**Work instructions:** Reproduce the records that follow exactly as they appear.

Records from a collection:
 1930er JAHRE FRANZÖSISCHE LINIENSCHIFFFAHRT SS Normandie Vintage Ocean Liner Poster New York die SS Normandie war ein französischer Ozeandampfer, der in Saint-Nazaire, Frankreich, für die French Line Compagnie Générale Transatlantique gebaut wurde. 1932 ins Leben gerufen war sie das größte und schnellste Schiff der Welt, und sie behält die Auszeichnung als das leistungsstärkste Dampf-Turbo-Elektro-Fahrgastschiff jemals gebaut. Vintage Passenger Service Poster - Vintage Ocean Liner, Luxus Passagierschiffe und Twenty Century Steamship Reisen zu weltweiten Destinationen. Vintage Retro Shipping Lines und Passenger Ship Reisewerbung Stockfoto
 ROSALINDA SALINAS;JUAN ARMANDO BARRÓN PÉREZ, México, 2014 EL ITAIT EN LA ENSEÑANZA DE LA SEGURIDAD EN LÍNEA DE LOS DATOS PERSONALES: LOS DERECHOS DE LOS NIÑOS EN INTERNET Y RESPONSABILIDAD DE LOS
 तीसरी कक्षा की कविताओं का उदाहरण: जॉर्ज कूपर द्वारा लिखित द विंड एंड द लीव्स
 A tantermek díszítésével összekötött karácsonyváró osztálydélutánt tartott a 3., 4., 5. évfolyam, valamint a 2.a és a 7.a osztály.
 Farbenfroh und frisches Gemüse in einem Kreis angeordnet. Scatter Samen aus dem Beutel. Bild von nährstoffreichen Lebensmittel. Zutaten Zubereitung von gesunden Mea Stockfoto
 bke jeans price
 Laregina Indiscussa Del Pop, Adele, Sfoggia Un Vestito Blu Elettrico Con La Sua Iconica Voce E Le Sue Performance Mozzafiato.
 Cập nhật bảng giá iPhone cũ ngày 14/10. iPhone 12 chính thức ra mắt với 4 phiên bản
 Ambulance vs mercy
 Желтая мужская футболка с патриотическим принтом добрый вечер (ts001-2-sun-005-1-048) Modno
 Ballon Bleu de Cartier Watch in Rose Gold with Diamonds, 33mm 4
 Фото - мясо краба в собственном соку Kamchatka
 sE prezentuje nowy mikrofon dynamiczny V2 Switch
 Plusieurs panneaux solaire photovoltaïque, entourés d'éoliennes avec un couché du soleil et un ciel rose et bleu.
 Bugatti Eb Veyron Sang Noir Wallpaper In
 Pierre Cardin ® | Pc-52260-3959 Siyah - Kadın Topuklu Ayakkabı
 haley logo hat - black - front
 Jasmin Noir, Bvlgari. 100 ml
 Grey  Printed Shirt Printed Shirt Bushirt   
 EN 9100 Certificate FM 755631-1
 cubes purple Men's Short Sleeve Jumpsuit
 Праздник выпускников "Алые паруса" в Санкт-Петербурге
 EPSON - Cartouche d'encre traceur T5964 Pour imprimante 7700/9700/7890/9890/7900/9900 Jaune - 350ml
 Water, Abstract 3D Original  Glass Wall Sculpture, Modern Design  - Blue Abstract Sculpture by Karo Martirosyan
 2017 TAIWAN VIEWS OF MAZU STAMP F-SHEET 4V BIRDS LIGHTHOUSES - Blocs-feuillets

**Your response:**
 1930er JAHRE FRANZÖSISCHE LINIENSCHIFFFAHRT SS Normandie Vintage Ocean Liner Poster New York die SS Normandie war ein französischer Ozeandampfer, der in Saint-Nazaire, Frankreich, für die French Line Compagnie Générale Transatlantique gebaut wurde. 1932 ins Leben gerufen war sie das größte und schnellste Schiff der Welt, und sie behält die Auszeichnung als das leistungsstärkste Dampf-Turbo-Elektro-Fahrgastschiff jemals gebaut. Vintage Passenger Service Poster - Vintage Ocean Liner, Luxus Passagierschiffe und Twenty Century Steamship Reisen zu weltweiten Destinationen. Vintage Retro Shipping Lines und Passenger Ship Reisewerbung Stockfoto
 ROSALINDA SALINAS;JUAN ARMANDO BARRÓN PÉREZ, México, 2014 EL ITAIT EN LA ENSEÑANZA DE LA SEGURIDAD EN LÍNEA DE LOS DATOS PERSONALES: LOS DERECHOS DE LOS NIÑOS EN INTERNET Y RESPONSABILIDAD DE LOS
 तीसरी कक्षा की कविताओं का उदाहरण: जॉर्ज कूपर द्वारा लिखित द विंड एंड द लीव्स
 A tantermek díszítésével összekötött karácsonyváró osztálydélutánt tartott a 3., 4., 5. évfolyam, valamint a 2.a és a 7.a osztály.
 Farbenfroh und frisches Gemüse in einem Kreis angeordnet. Scatter Samen aus dem Beutel. Bild von nährstoffreichen Lebensmittel. Zutaten Zubereitung von gesunden Mea Stockfoto
 bke jeans price
 Laregina Indiscussa Del Pop, Adele, Sfoggia Un Vestito Blu Elettrico Con La Sua Iconica Voce E Le Sue Performance Mozzafiato.
 Cập nhật bảng giá iPhone cũ ngày 14/10. iPhone 12 chính thức ra mắt với 4 phiên bản
 Ambulance vs mercy
 Желтая мужская футболка с патриотическим принтом добрый вечер (ts001-2-sun-005-1-048) Modno
 Ballon Bleu de Cartier Watch in Rose Gold with Diamonds, 33mm 4
 Фото - мясо краба в собственном соку Kamchatka
 sE prezentuje nowy mikrofon dynamiczny V2 Switch
 Plusieurs panneaux solaire photovoltaïque, entourés d'éoliennes avec un couché du soleil et un ciel rose et bleu.
 Bugatti Eb Veyron Sang Noir Wallpaper In
 Pierre Cardin ® | Pc-52260-3959 Siyah - Kadın Topuklu Ayakkabı
 haley logo hat - black - front
 Jasmin Noir, Bvlgari. 100 ml
 Grey  Printed Shirt Printed Shirt Bushirt   
 EN 9100 Certificate FM 755631-1
 cubes purple Men's Short Sleeve Jumpsuit
 Праздник выпускников "Алые паруса" в Санкт-Петербурге
 EPSON - Cartouche d'encre traceur T5964 Pour imprimante 7700/9700/7890/9890/7900/9900 Jaune - 350ml
 Water, Abstract 3D Original  Glass Wall Sculpture, Modern Design  - Blue Abstract Sculpture by Karo Martirosyan
 2017 TAIWAN VIEWS OF MAZU STAMP F-SHEET 4V BIRDS LIGHTHOUSES - Blocs-feuillets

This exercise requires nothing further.